A cibercultura acontece com mecanismos digitais que simulam, como na realidade virtual, na realidade aumentada, na criação de memória puramente imaginada, na criação de imagens.
No entanto, o virtual não é oposto ao real, podendo apenas ser oposto do atual, já que o virtual carrega uma potência de ser, enquanto o atual já é ser, o que forma outra realidade, ao manter uma relação sensório-motora com o conteúdo da memória de computador, consegue-se a ilusão de uma “realidade” apenas contida na memória digital.
Especialistas dizem que cometemos um erro grave ao falarmos em vida real e em vida virtual, como se apenas uma delas fosse real e a outra não. Todos passamos um tempo significativo nas mídias sociais atualmente, portanto, temos o desejo de tornar mais permeáveis as fronteiras do real e do virtual. Gastamos tempo e energia emocional no virtual, e assim o material termina por não constituir o único real; as pessoas podem desempenhar papéis diferentes, adotando diversas personalidades nos diferentes lugares de seus contatos, experimentando inúmeros aspectos delas mesmas, em multiplicidades antes impensáveis.
Para muitos, fazer parte de uma comunidade virtual autoriza a expressão mais livre dos inúmeros aspectos de suas personalidades, sem que todos sejam necessariamente mentirosos, pois algumas vezes nossos processos culturais enfatizam a uniformidade e em outros momentos a multiplicidade.

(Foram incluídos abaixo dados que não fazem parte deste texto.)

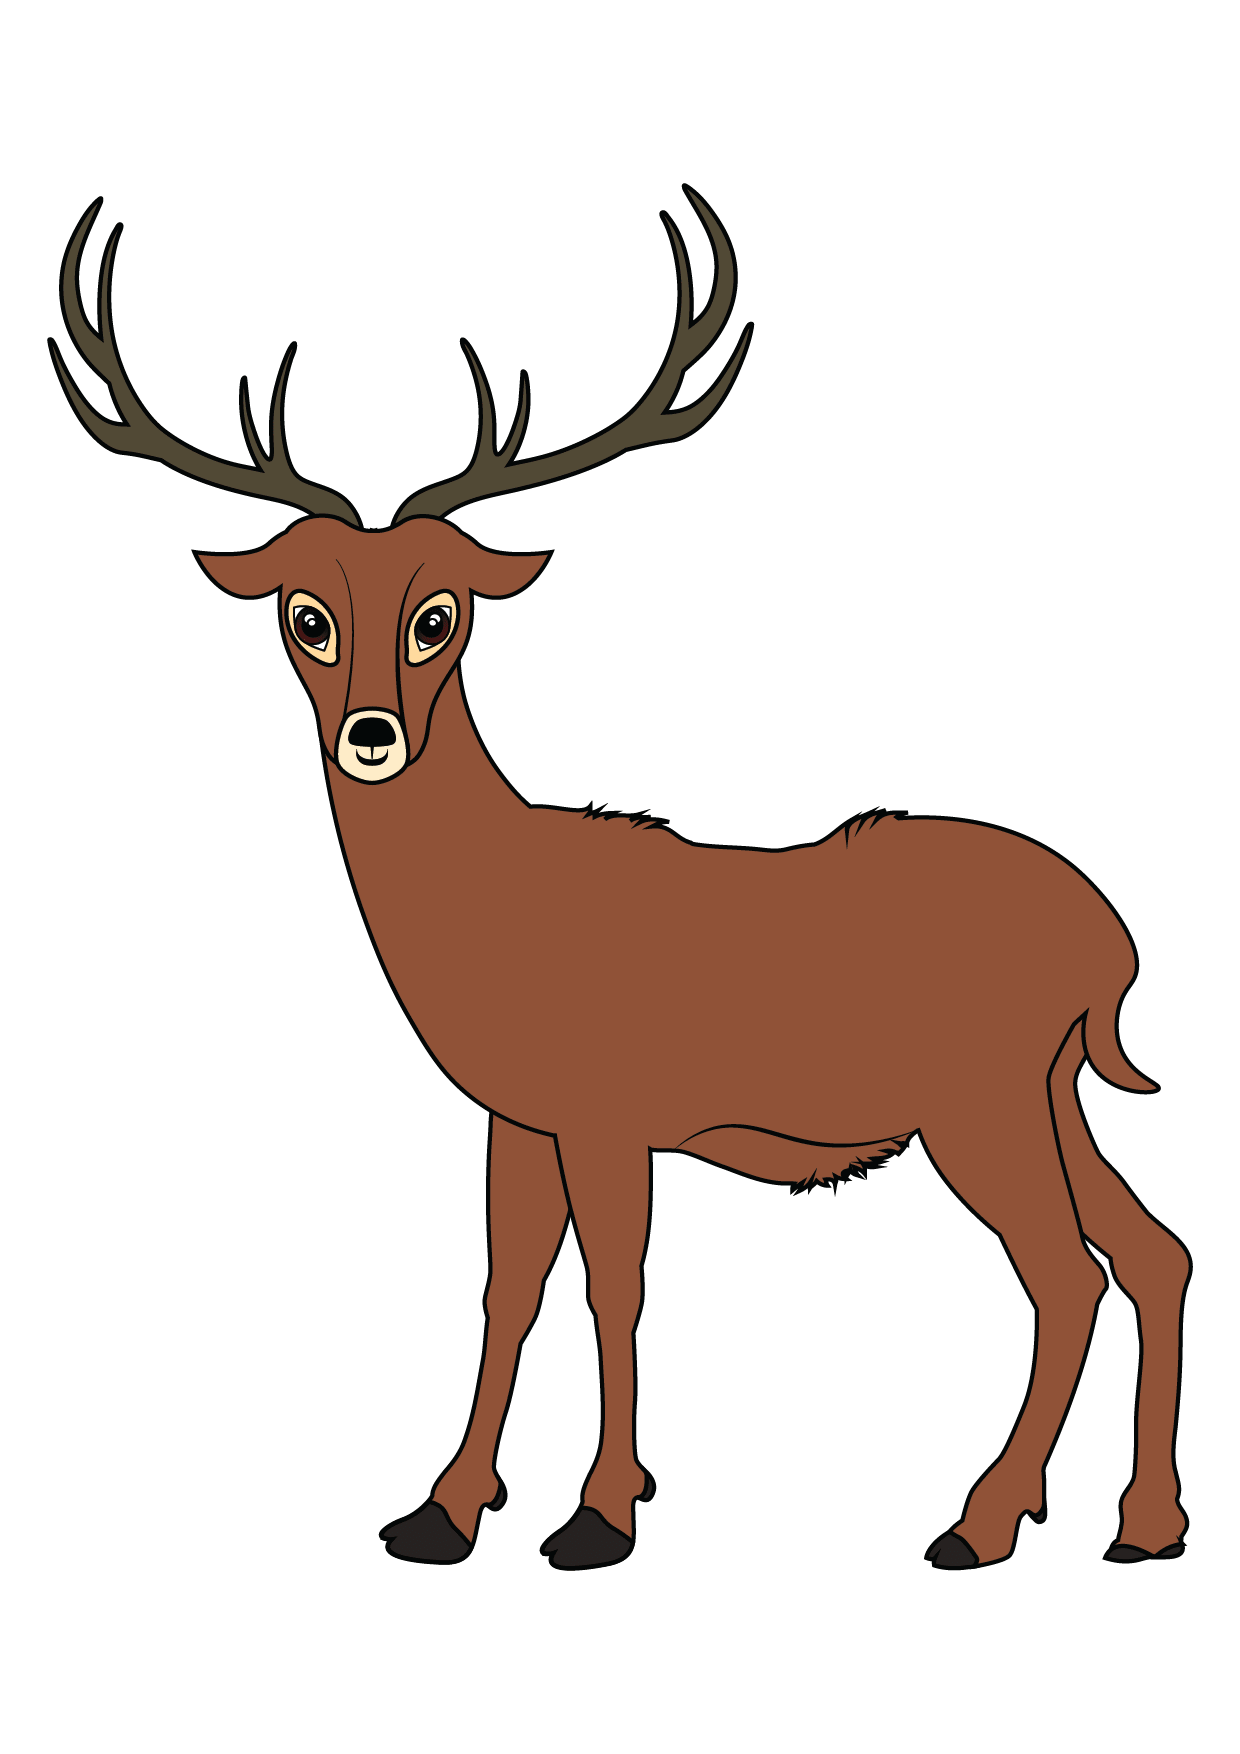 How to Draw A Deer Step by Step Printable

A relação entre ambientes reais e virtuais é anterior ao início da Internet, a Filosofia sempre ressaltou a coexistência da virtualidade e da realidade quando comparávamos passado e presente, pois ambos dependem de percepção e memória.
Virtualidade acontece sempre que percebemos algo, pois associa nossa memória aos acontecimentos, relacionando sentimentos impalpáveis, incomensuráveis que coexistem com a realidade. Quando criamos um perfil virtual, que nos representa e proporciona interações com aqueles com quem temos afinidade, tornamos muito vezes desnecessárias as interações presenciais, fazendo aquilo que seria virtual parte do cotidiano, portanto real.
A nossa época se finge de louca. O mundo é imenso, muito maior do que nossa capacidade de compreensão, enquanto o limite da informação era de alguma forma restrito a algo palpável podíamos absorvê-la, mesmo a mais profunda filosofia e a mais abrangente das artes eram contidas em uma dimensão “humana”: bibliotecas, universidades, palcos, livros, discursos; conhecimentos e sensações que seriam vividos e compreendidos de modo unitário ou coletivo, mas sempre no ritmo dito normal das pessoas.
A Era da Informação, em que tudo o que existe ou foi pensado está ao alcance de um toque de dedo, subverteu essa realidade. A nossa época não se finge de louca, está mesmo louca.
Wanda Camargo – educadora e assessora da presidência do Complexo de Ensino Superior do Brasil – UniBrasil.